Print the data that follows word for word, leaving out any picture.

### Information provided
****************************************

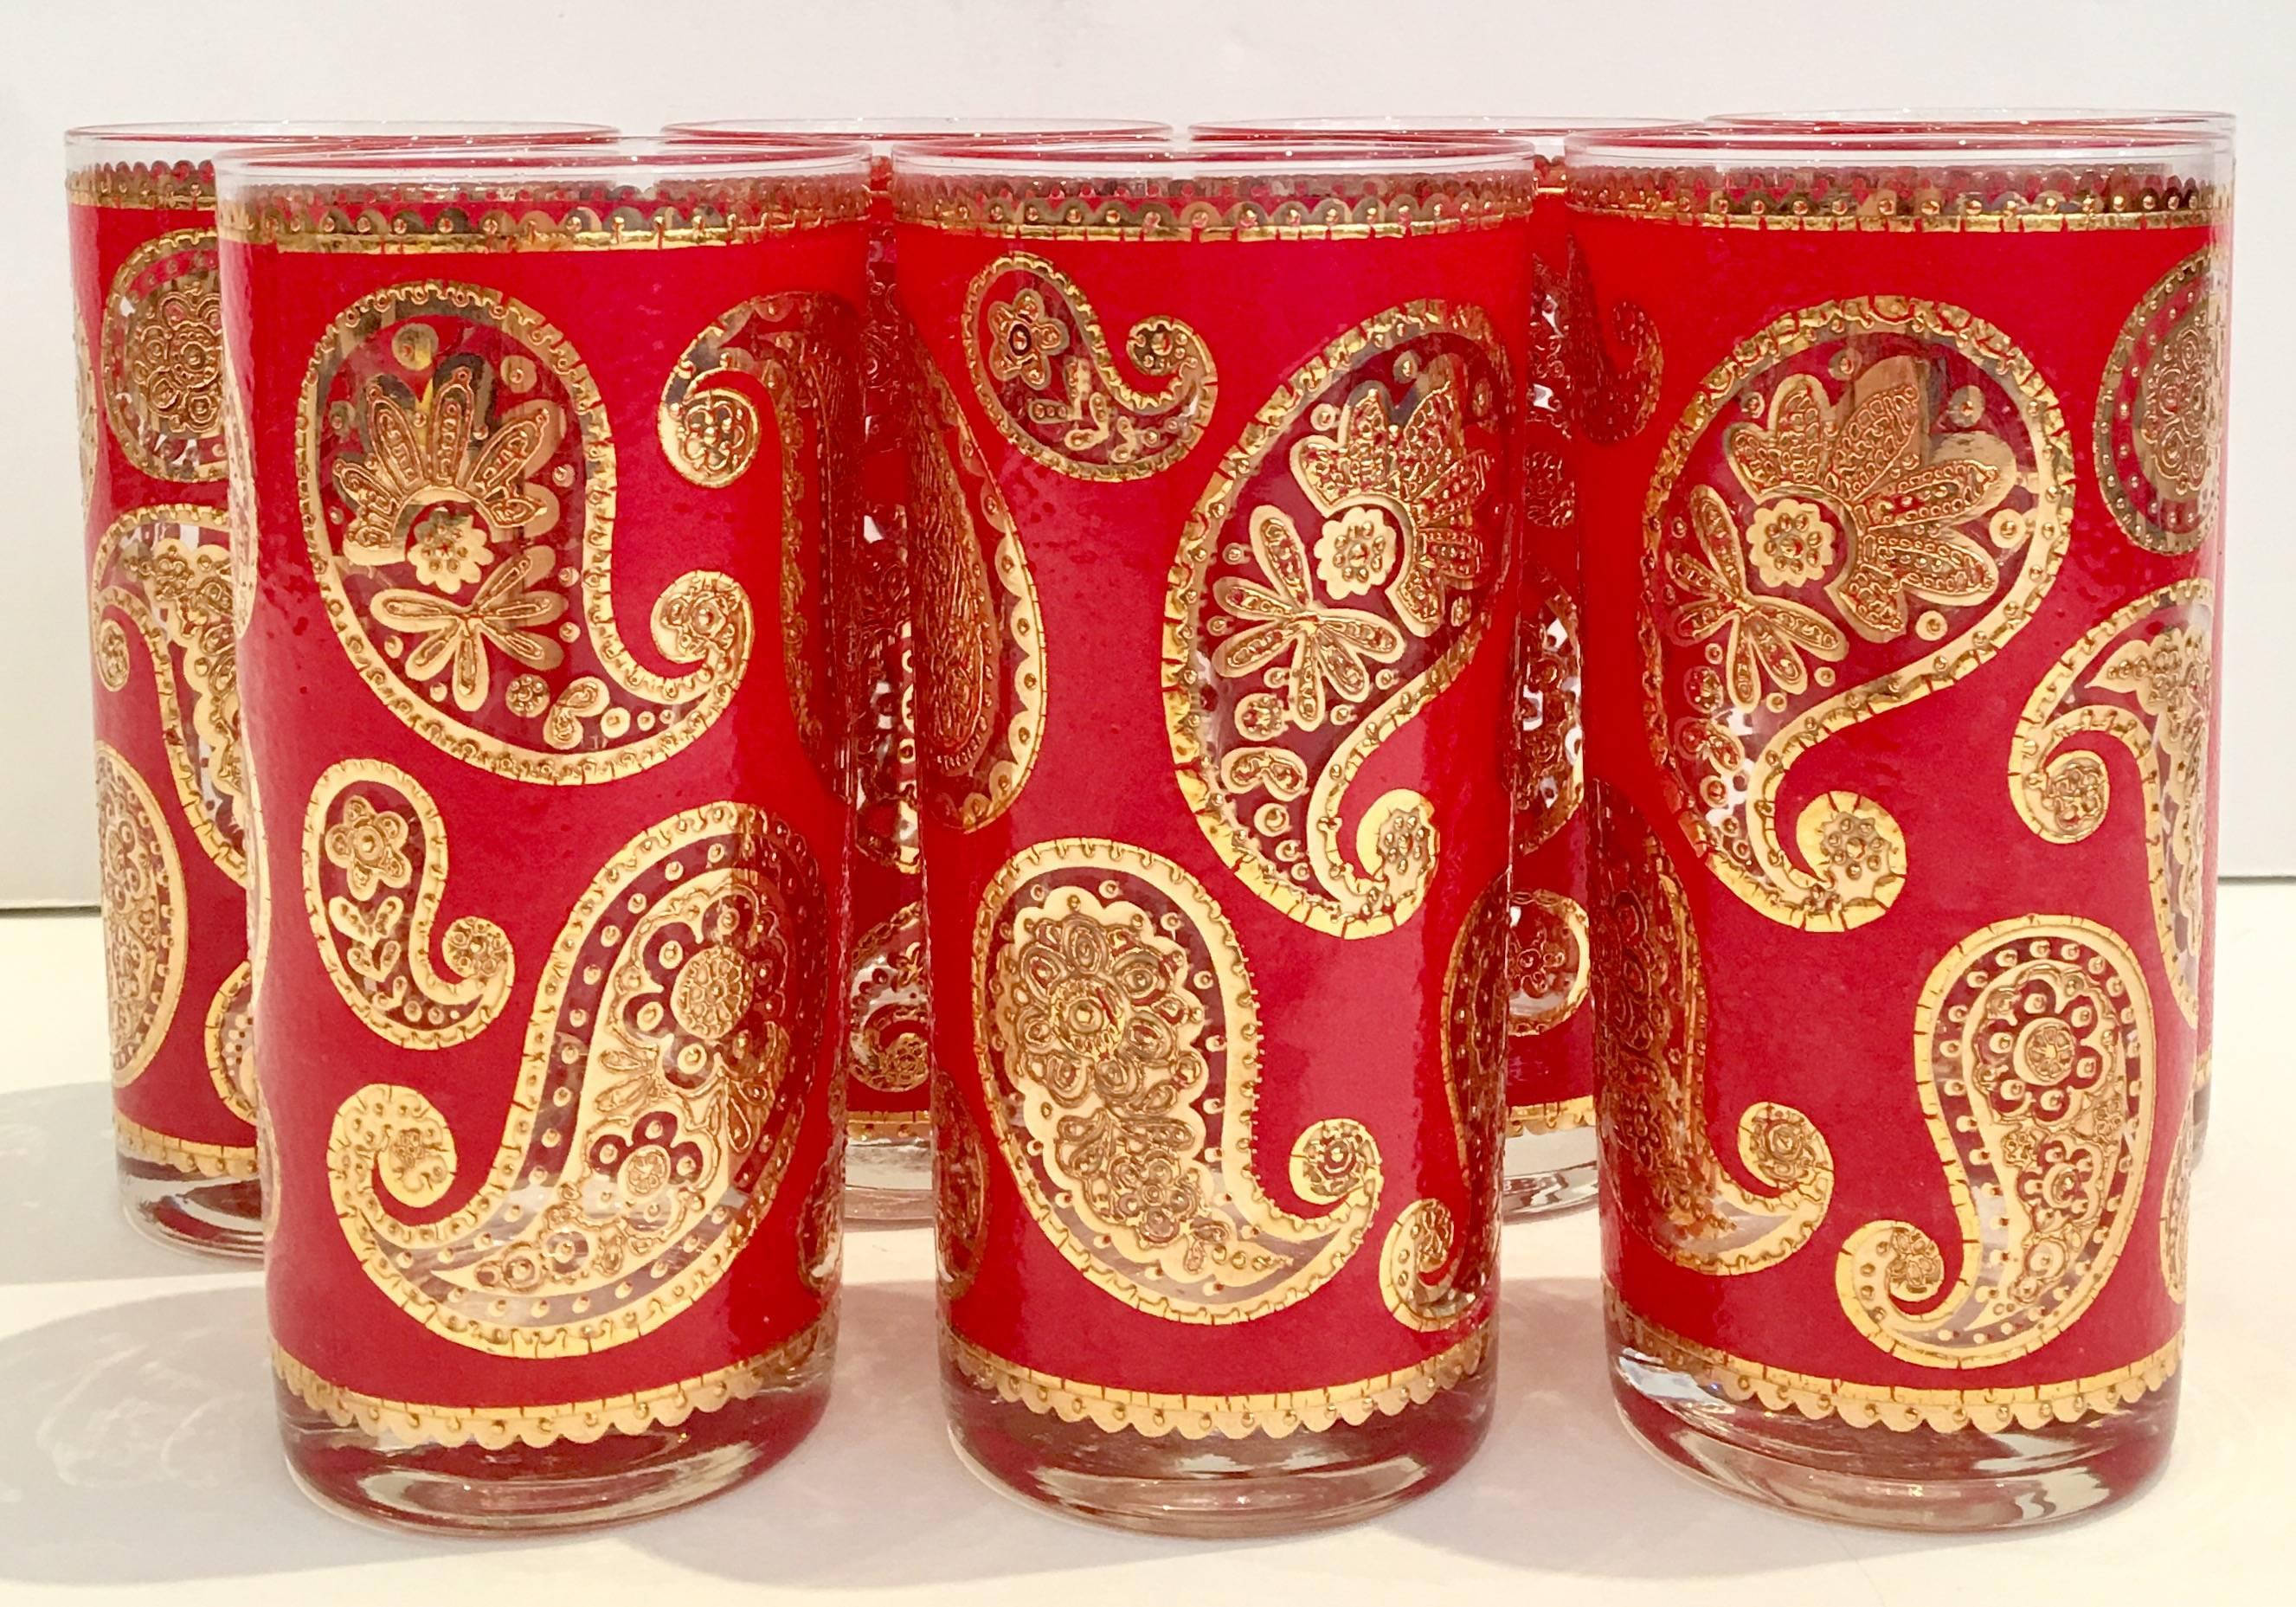 Hollywood Regency bright red and 22-karat gold paisley pattern high ball glasses by Culver.
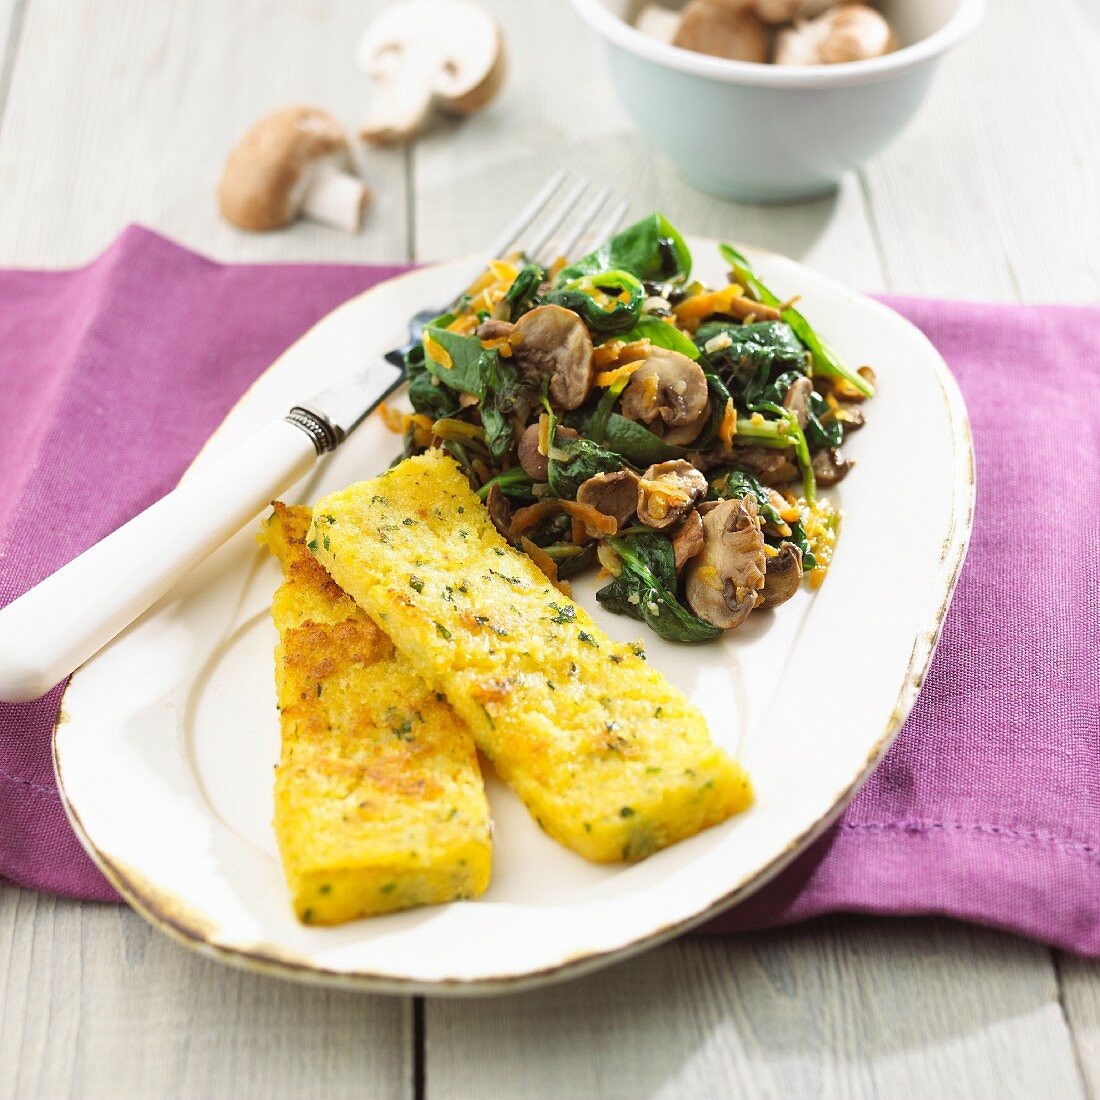 Polenta slices with spinach and mushrooms
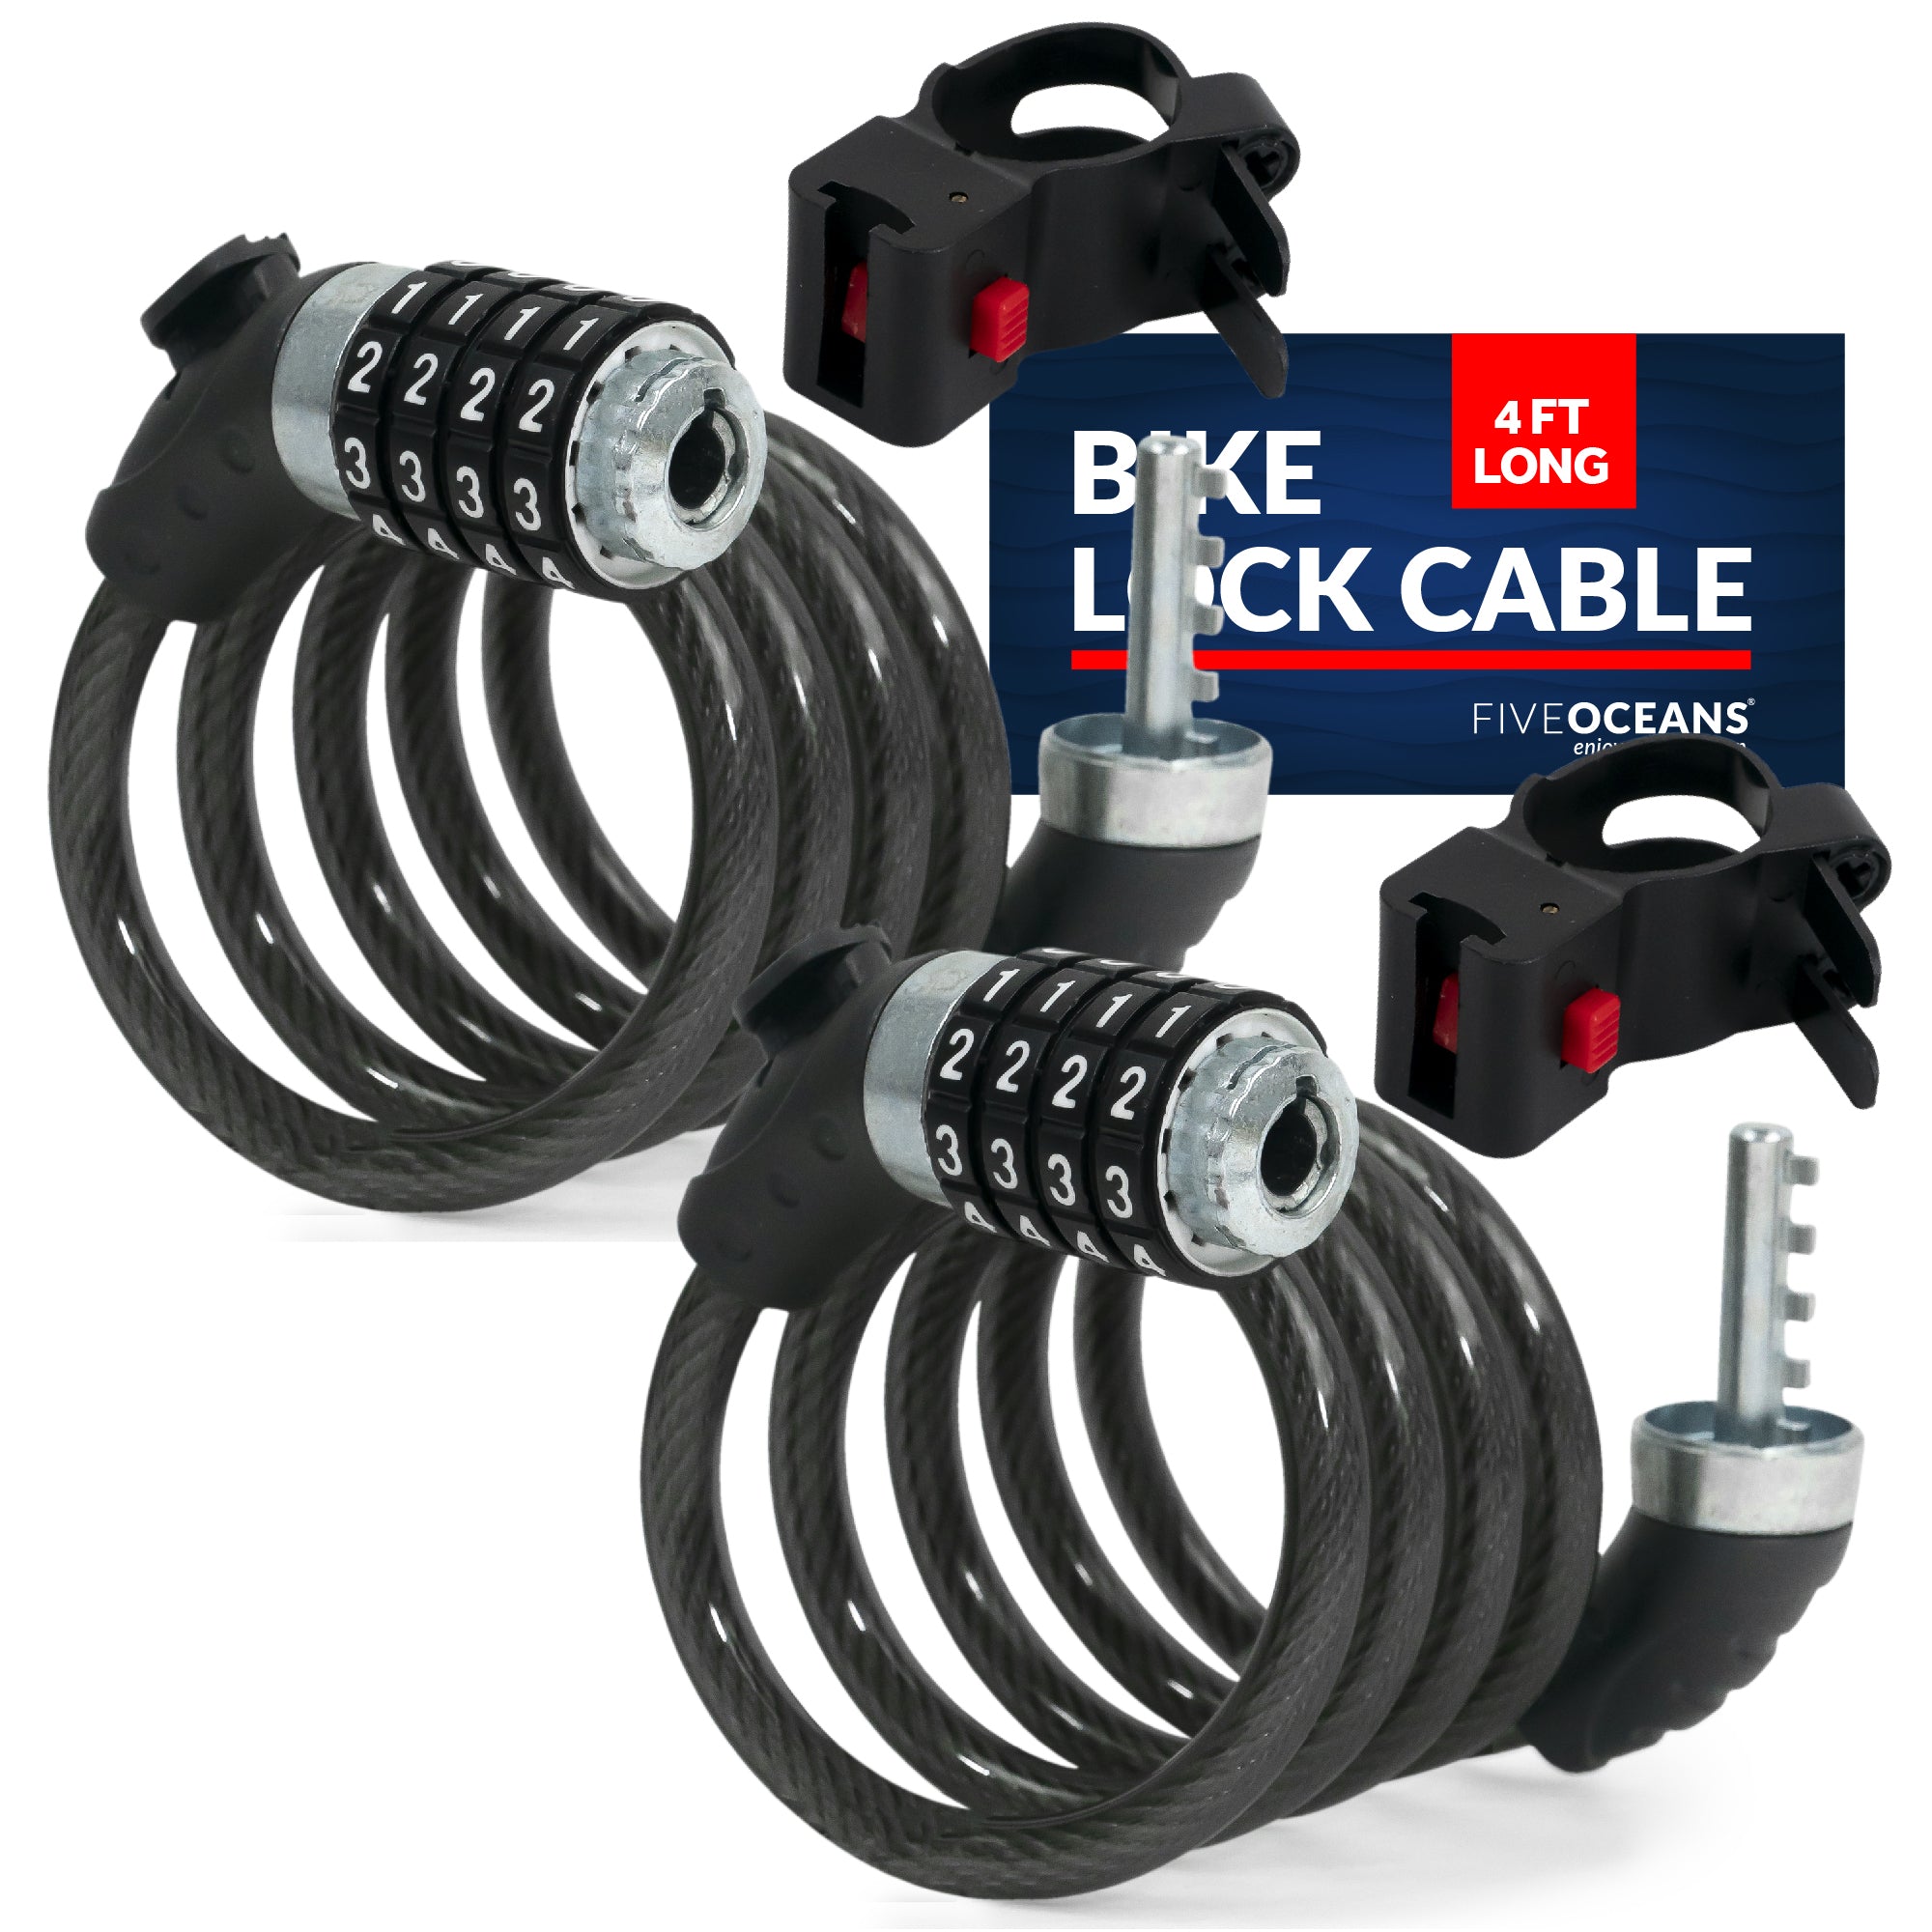 Bike Lock Cable, Combination Anti Theft, 4', 2-Pack - FO3957-M2

****************************************

### Finished exercise
 Hollywood Regency bright red and 22-karat gold paisley pattern high ball glasses by Culver.
 Polenta slices with spinach and mushrooms
 Bike Lock Cable, Combination Anti Theft, 4', 2-Pack - FO3957-M2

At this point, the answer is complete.